他身上总有一种本能的小心,有一种非常清醒的自觉——不能给别人添麻烦,更不要把自己看得过重。

在他心里,“喜欢”不是一个可以乱说的词,而是,必须已经准备好承担后果,才能说出口的话。

他能发现窦一对他的不一样。

他对他很好。

许责一点点想着,窦一会替他说话,他不喜欢别人推搡他,也会一次次的顺路,想跟他一起走……

他对他不一样。

“他这样,对我来说已经是很难得的好。”

许责静静地想着。

他还想过许多,他有一个期望,他能留在北京,攒点钱,能有那么一天,在成都给父母买一栋房子,让他们能在那儿安心养老。

他低头,看着自己的手。

在很小的时候,他看着父母忙、辛苦,他不忍心,于是他就过去接住,拎菜、提水、搬东西、上楼下楼,他希望自己能替父母,把“辛苦”接过来一点。

所以,他当然会羡慕窦一。

羡慕他的肆意、不羁、无拘无束,羡慕那种从骨子里长出来的笃定,他再怎么闹,天不会塌,家也不会乱。

他更希望窦一永远都这样。

许责不觉得“懂事”是什么好事,也不觉得“不知天高地厚”是什么坏事。

敢在世界面前保持那点任性,是一件很幸福的事。

周末,两人走到一个路口,人少,风有点大,吹得树枝“哗啦啦”响。

窦一忽然停住了。

许责也停:“怎么了?”

窦一没看他,先抬头看了一眼路灯,像是在挑词。然后很自然地,甚至自然得有点过分,扭过头,看着他,语气懒懒的。

“你知道我喜欢你吧?”

声音不高,却一点都不含糊。

许责愣了一下。

那几秒内,他脑子里闪了很多东西,掰手腕、火锅店里一边辣一边咳、拳头大的汤圆、窦一说“你睫毛挺长的”、还有无数次下课一起走回家的路。

这些碎片在这一句“你知道我喜欢你吧?”下面,像被人用一根线串了起来。

他当然知道。

早就知道。

但,被这种浑不吝的语气戳破,心口还是像被人点了一下。

“……”

他张了张嘴,声音有点哑,“你今天怎么——”

“我问你,”

窦一打断他,眼神直勾勾看过去,在笑,“你知道吧?”

这回是真要答案了。

风从斜后方刮过来,把两人的影子吹得有点晃。

许责忽然有点想笑,又有点想叹气。

“装不知道?”

窦一俯身,歪着头看他,语气吊儿郎当的。

“你不说话是几个意思?”

“我想说……”

许责喉咙微微动了动,终于开口:“你现在,可能没想那么多。”

他虽然只比窦一大两岁,但至少知道“不合适”这叁个字,他是进城务工家庭的儿子,他是领导干部子弟,家底清清楚楚。况且,男的喜欢男的,这条路能走到哪儿?

许责抿了抿唇,慢慢说:“你知道你是谁家小孩吧?”

“我姓窦,不姓宋。”

窦一立刻顶回去。

“你现在不觉得。”

许责看着他:“等你二十、二十五,你爸升了,你呢,你结不结婚,要不要往上走,你跟什么人吃饭、握手、照相……”

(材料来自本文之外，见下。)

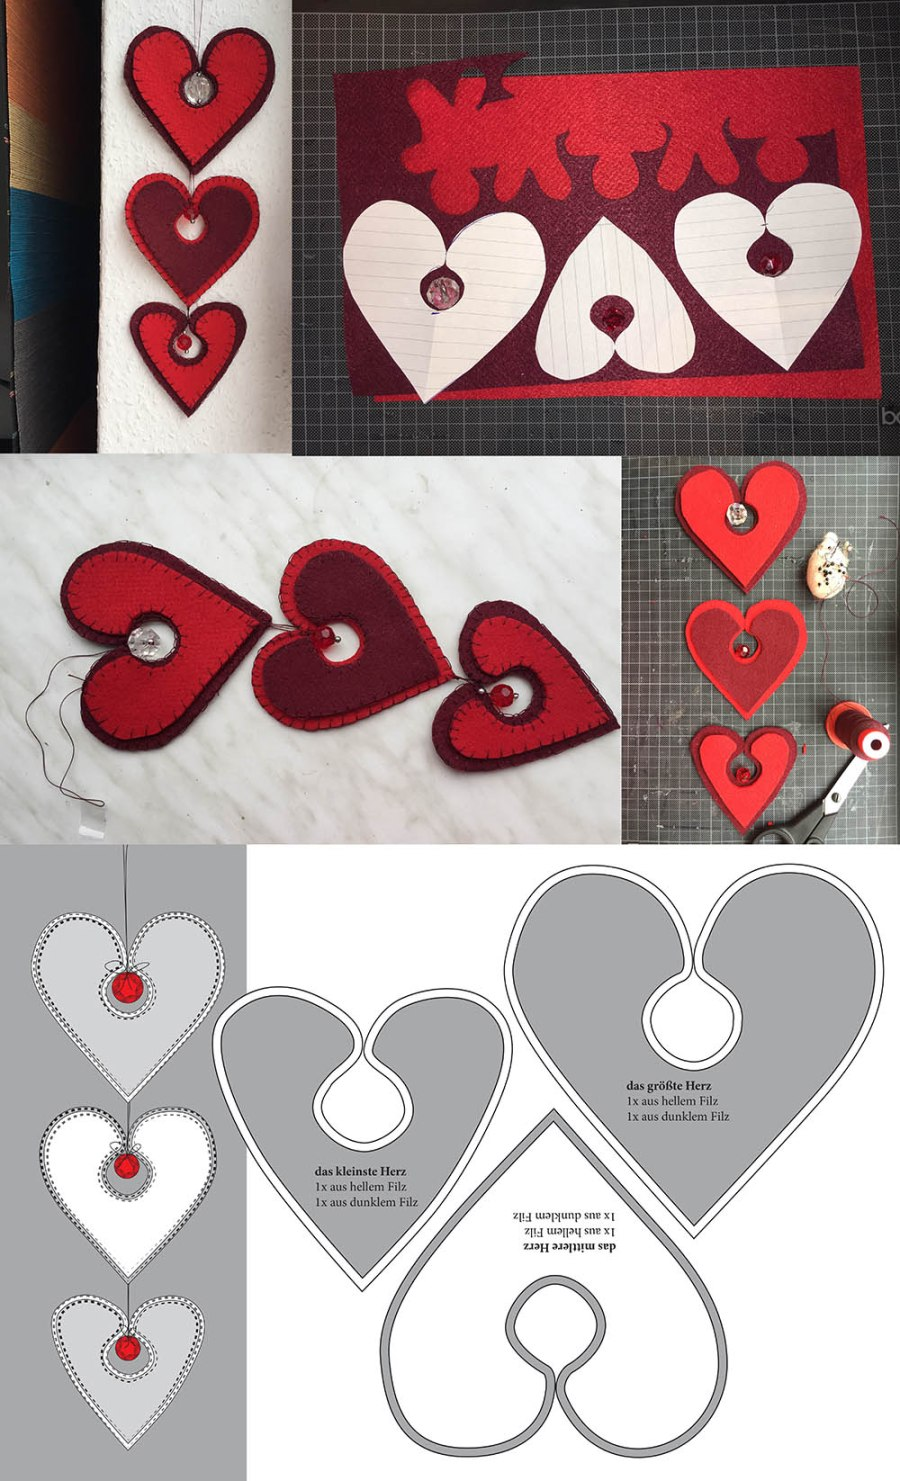 Wanddekoration aBasteln mit Filz, Dekoration für den Valentinstag, einfache DIY-Projekte aus Filz, Basteln für den Valentinstag, Herzen aus Filz basteln, nähen mit dickem Filz, nähen mit der Hand, ohne Nähmaschine nähen, mit der Hand nähen, handwerklich nähen, Knopflochstich nähen, wie geht der Knopflochstich, Stoffkanten mit der Hand versäubern, Säume sichern ohne Nähmaschine Overlockmaschine, saubere Stoffkanten ohne Overlocknähmaschine, kostenlose Anleitung mit Druckvorlage für Valentinstagus Filzherzen und großen Kristallen

他一口气说下去,说到这儿自己也有点说不下去。他知道自己在干嘛——在拿现实压他。

空气安静了几秒。

窦一低着头,像是在消化他的话。

“哦。”

他突然很平静地应了一声。

下一秒,窦一抬起头,看着他,眼睛里还是那股天不怕地不怕的劲儿。

“那你想亲我嘛?”

非常认真地问,但问得像一句玩笑,像一句顺嘴冒出来的浑话。

许责整个人愣住。

他的大脑短路了两秒钟。

刚刚所有的“现实分析”、“责任感”,统统被这句话直接砸到地上。

这是什么逻辑跳跃?

谁告白不成功下一句立刻变成“你想不想亲我”?

“你说的话我都听进去了。”

窦一点头,一本正经:“你说我们不合适,未来很复杂,你怕耽误我,怕别人说闲话,怕我将来后悔。”

他一条条说出来。

“可我现在就想知道一件事。”

窦一居然又往近走了一小步,两个人的距离太近了,他的声音压低。

“你想不想亲我?”

这下子,不是什么“未来”“身份”“合不合适”了,是一个

非常当下、非常具体、非常要命的问题。

许责其实想说“不想”,可那两个字一到嘴边,整个人就卡住了。

他骗谁呢?

许责从头到尾都知道自己在淋雨,只是一直对自己说:“再走一小段就停。”

结果一抬头——

雨没停,人已经走到对方身边了。

窦一忽然笑了一下。

“你刚才也说了,很多事以后难说。但这一刻,难得我们都在这儿——”

他凑过去。

“先亲了再想,好不好?”

许责也盯着他的眼睛,那是少年人的倔强、天生的不讲理,还有一股明目张胆的笃定,好像这个世界在他心里从来不需要太费力。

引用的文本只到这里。